So the key insight there is like, you know, you're playing Pokemon. Let's see. I'm looking at the stream over here. And this is in the like three days since it's been up. It's taken 16,884 actions as of this exact moment in time. Wow. And so like, if you think about that, that like roughly correlates to like 16,000 screenshots, like a whole bunch of stuff that it has seen over that time. And yeah,

uh, it like that much information doesn't fit into the context window of a language model. Right. So you need some way to like, be able to condense, like to get rid of old information

And so the knowledge base, I'm literally not sure this is the most optimal way to manage this, but the knowledge base is one way that it can keep track of information over longer periods of time. So what ends up happening is it like takes 30 actions and then it summarizes the conversation, like the things it did for the last 30 actions and like chunks that down.

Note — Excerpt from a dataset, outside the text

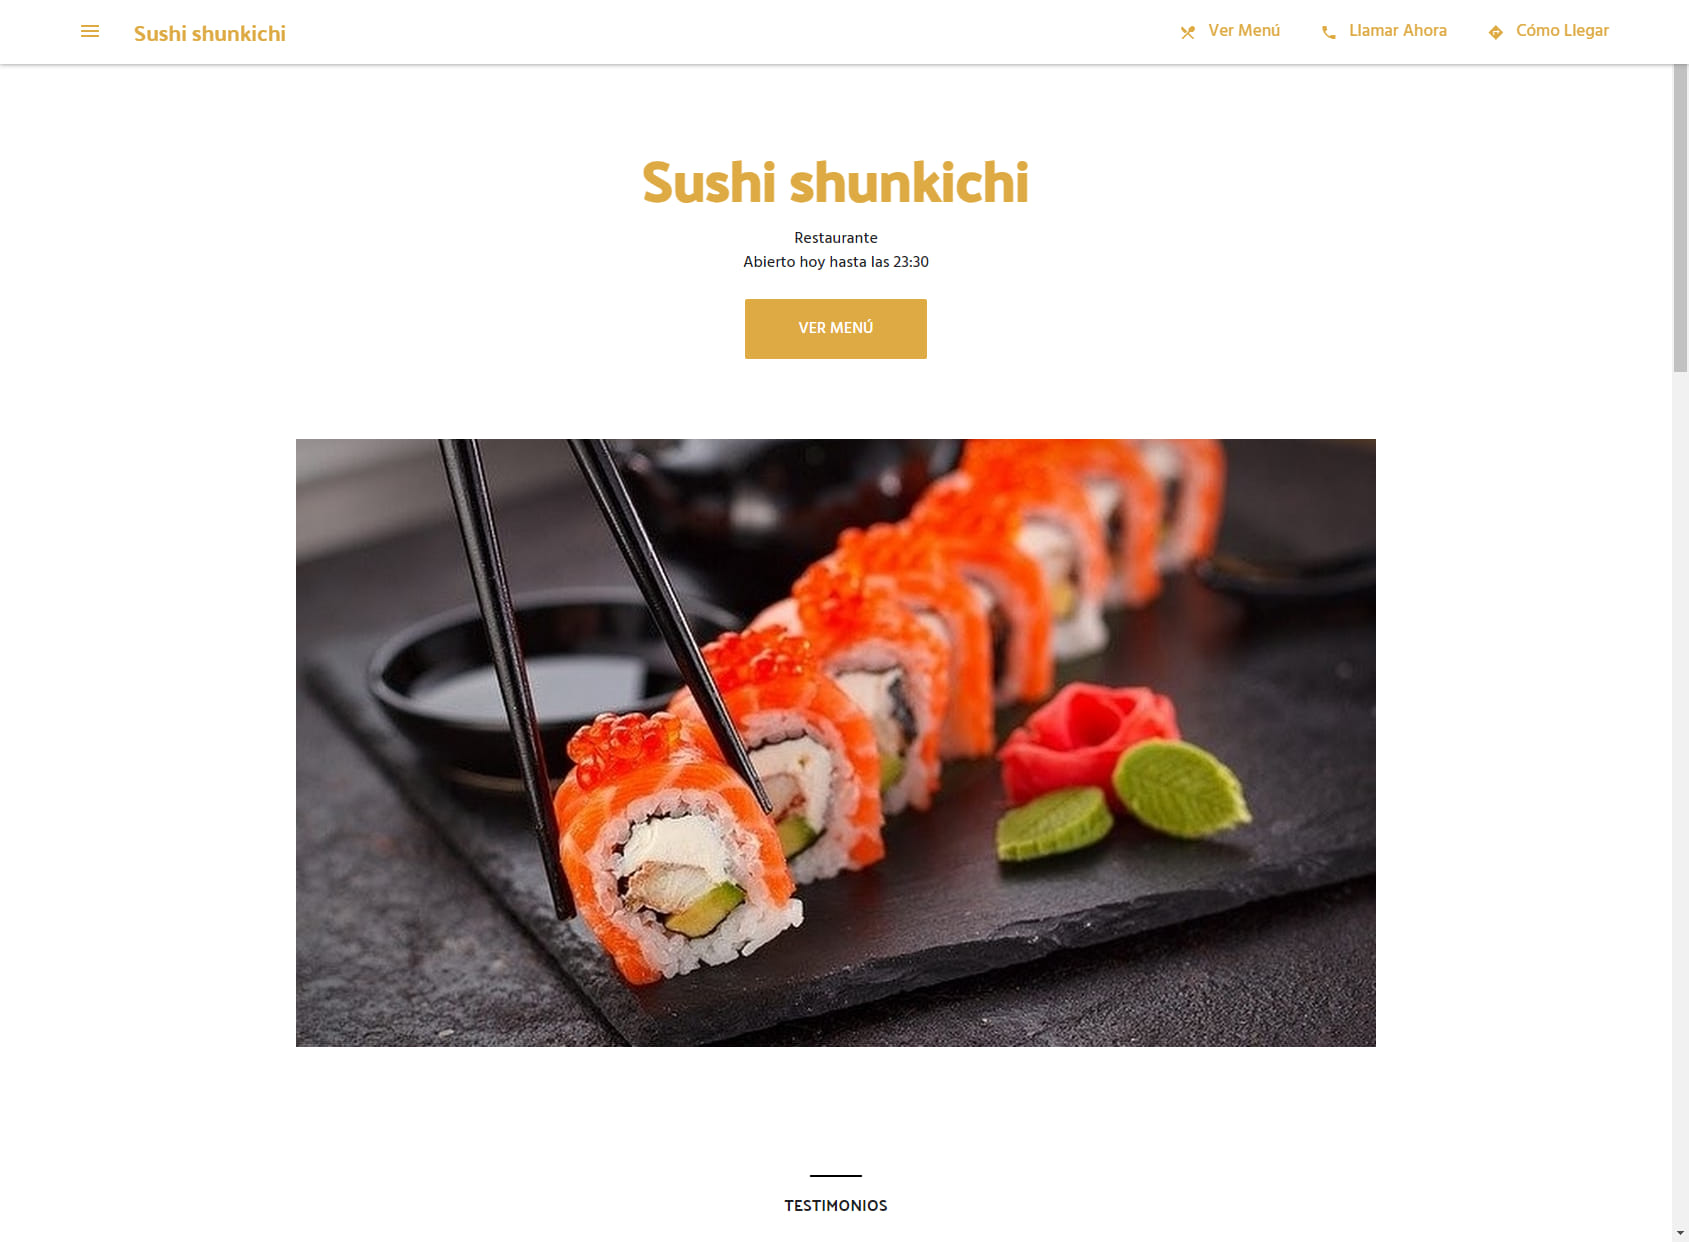 Sushi shunkichi

And then it does it sort of like accordions like that. Right. So it takes 30 actions, does a summary, takes 30 actions, does a summary, that kind of thing. But trying to keep everything in the summary, it hopefully writes kind of bloats. So the knowledge base is a way for it to like kind of track longer horizon things. Yeah, that makes sense. Well, dude, talk to me about some of the stuff that you're doing right now at Anthropic. I know you're leading a team that is engaging on fine tuning and. Yep.

We mentioned there's, I had the big question of, hey, is fine tuning really all it's cracked up to be? And I say that because we did a round table with NVIDIA probably like a month ago. And one thing that was abundantly clear, because we did the whole round table on fine tuning and folks were like, I've seen way more lift for way less effort by just tuning my prompt, not fine tuning the model.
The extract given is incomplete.